To start off, just try to get the code compiling and then modify it so that you can write something to your framebuffer which should appear on the screen. Once you have this, I would recommend implementing the rasterizer first. Assume that you are given a pre- projected triangle that maps to the screen. Write the code that will fill in the appropriate
pixels with a solid color. You can debug your output by drawing the same triangle in the OpenGL side and verifying that the two match. It might be a good idea to start with a simple rasterization algorithm before moving on to a more aggressive algorithm.
Once you have the rasterizer generating pixels of a solid color, then try interpolating the color. Then work on the texture coordinates, and implement the texture fetch mechanism. By this point you will have textured triangles appearing on the screen.

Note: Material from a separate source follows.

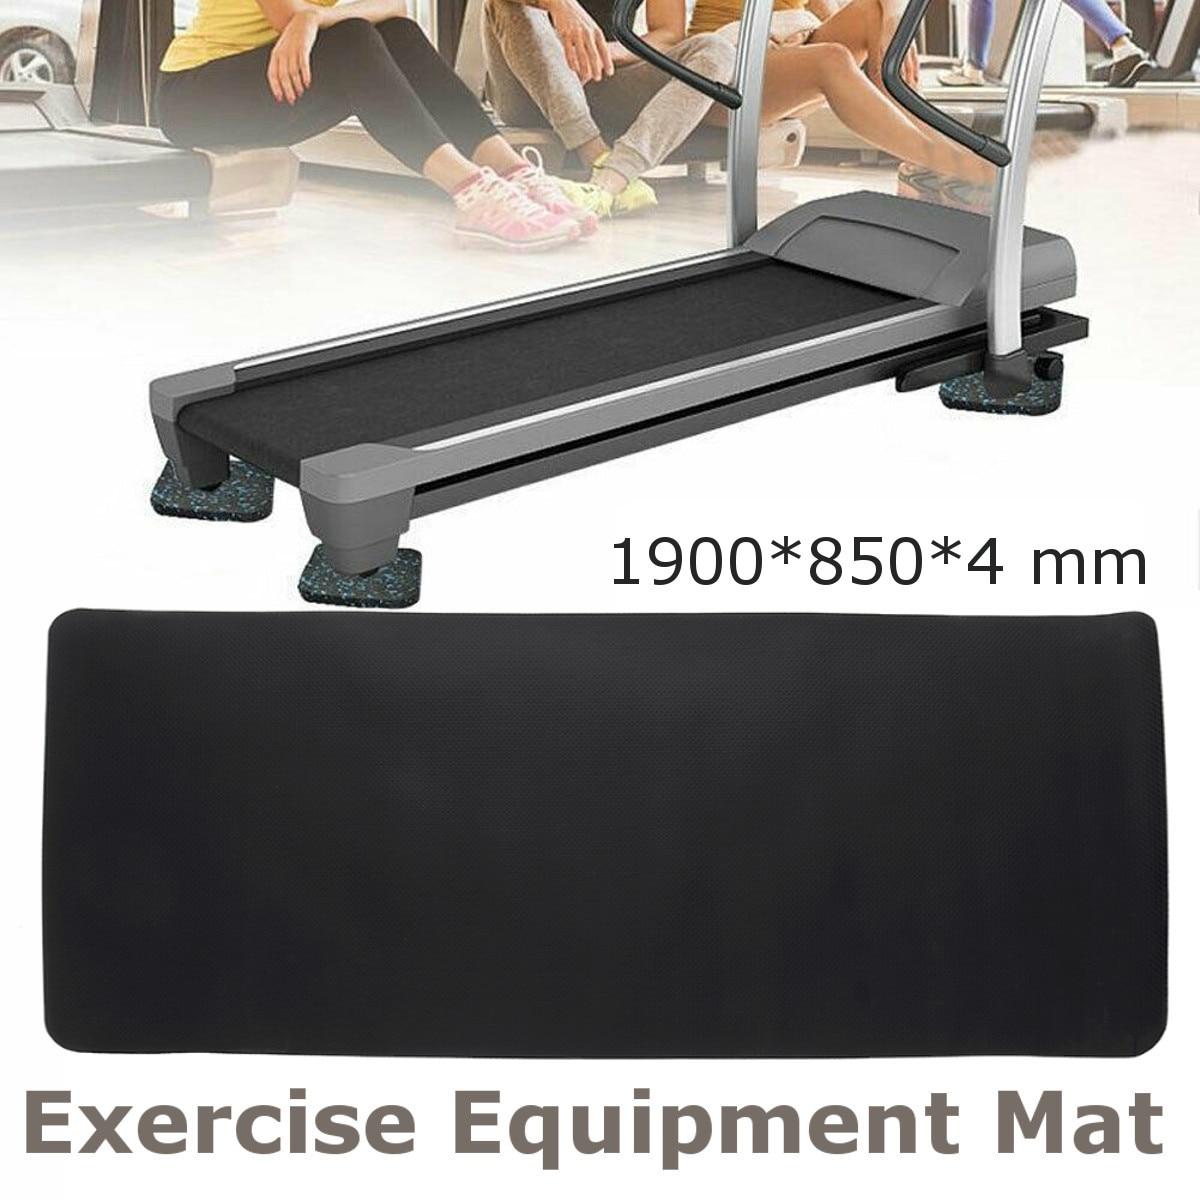 190x85cm NBR Exercise Mat Gym Fitness Equipment For Treadmill Bike Protect Floor Mat Running Machine Shock Absorbing Pad Black

Next implement the vertex transformations. At the beginning set up a super conservative culling algorithm that will reject any triangle that goes off the screen. This will help you get the functionality of the vertex and fragment sides working together before you worry about clipping. Again, take advantage of the OpenGL code to ensure that your code is rendering properly. Once this is done, all you have left is to implement clipping and then optimize your code as much as you can!
Tips & Advice This is a big project, so get started early. If you wait until the end you will panic and will not be able to finish. I will not allow late days on this one. Functionality is the main part of the grade, so make sure your code works properly. Write a bunch of test cases and make sure you are rendering things properly. Focus on that first, and then worry about making it fast if you have the time.
Some tips to accelerate the rendering: The rasterizer is essentially the inner-loop of the code. Try to make it as fast as possible! Also, you are free to use assembly, multithreaded programs, resorting the triangle list or other data structures to try to accelerate the rendering as much as possible.
Warnings You are not to use the graphics hardware, OpenGL, DirectX, or any other graphics API. The only allowed calls are the ones I made in the skeleton code. The purpose of this project is to learn by doing. If you cheat and use the graphics hardware, you will get a zero for the assignment. Of course, you can use the graphics hardware for debugging through the OpenGL code path, as I described before.
Grading The following breakdown will be used to grade the project:
Functionality 75 Performance 15 Write up 7 Documentation 3 TOTAL 100
Documentation Be sure to comment your code so that it is readable! Someone else should be able to look at your code, understand what you are doing and follow your implementation. I will spend some time looking at your submitted code and try to follow your algorithm. If I can’t understand what is going on, I will deduct points from here but possibly also from the algorithm!
Final words Get started soon, and feel free to ask me questions if you get stuck. Good luck!